Sneakers, known in Japan as , is a video game published by Microsoft Game Studios and developed by Media.Vision for the Xbox. The North American version of the game was sold exclusively at Toys "R" Us retail stores.

In this game, the player takes on the role of a mouse named Apollo. Aided by his fellow rodent friends, Bonnie, Brutus, Watt and Pete, the player's goal is to find and eliminate the rats in their area (the house, back alley, central park, Doshi's cellar and the bridge) in order to find Bonnie's brother, Tiki.

Plot
The story begins with a quick shot of a small mouse with a bell on his tail- Tiki -climbing up to the top of a small tower. After viewing some fireworks and a few balloons being thrown up in the air, Tiki falls asleep.
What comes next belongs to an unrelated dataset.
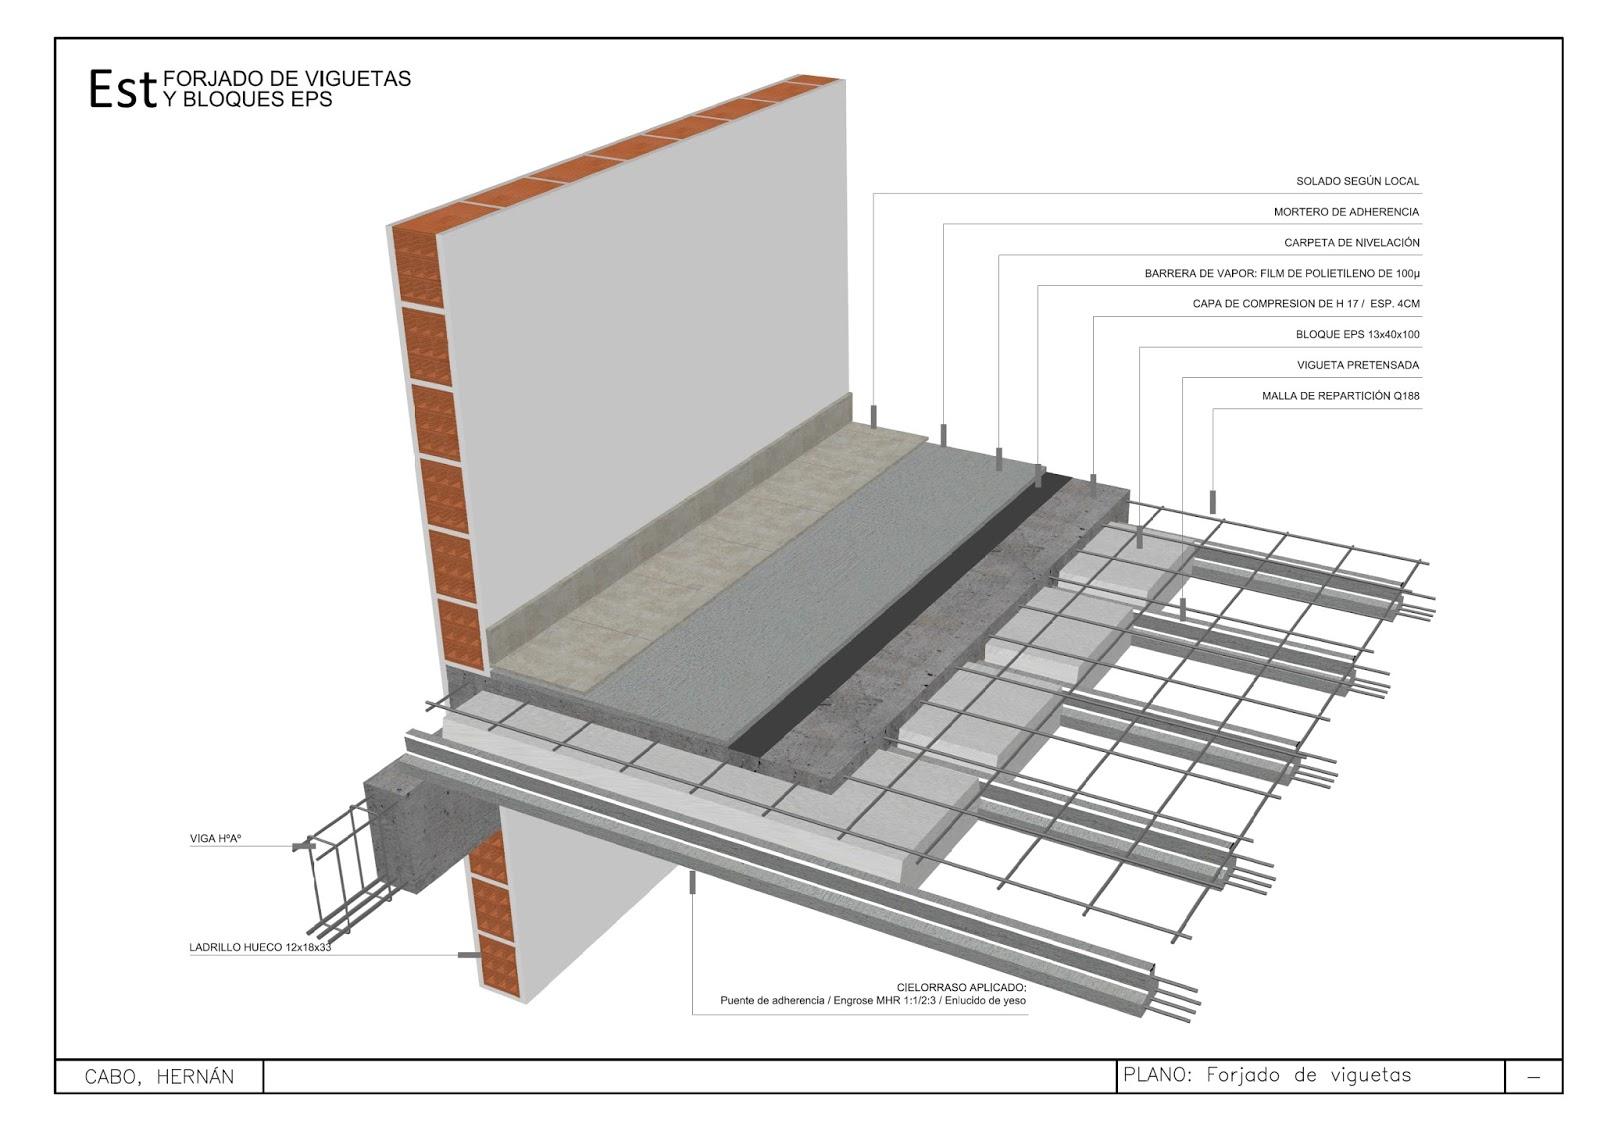 Detalles constructivos cad 3d forjado de viguetas y - Escalera metalica prefabricada ...

Elsewhere, four mice- Apollo (the leader), Brutus (the muscle), Watt (the gentleman) and Pete (the gut) -find that the provisions that had been set aside in the attic for a party have been absconded with. Naturally upset, everyone begins pointing fingers; thankfully, Apollo finds a more likely cause of the theft, as he spies a sneaky rat crawling around up in the attic. Knowing that rats travel in packs, Apollo rallies his fellow mice and begins the hunt for the whole rat pack. Finding the rats one by one (and knocking a few senseless for good measure), the gang eventually find the commanding officer behind the whole rat invasion hiding in the garage and- following an intense battle between the mice gang and rats -knock him out. Despite the victory, the mice still have no clue who these rats are or what they're up to; however, they are quickly stunned out of their wondering as Bonnie- the local high-society city mouse -comes in, worrying about her brother, Tiki, as he has gone missing. Thinking he's lost in the Back Alley, she joins Apollo's squad and rushes off, allowing the rat officer from earlier (who faked his fainting) to run away.

Reception

The game received "unfavorable" reviews according to the review aggregation website Metacritic. In Japan, Famitsu gave it a score of two sixes and two fives for a total of 22 out of 40.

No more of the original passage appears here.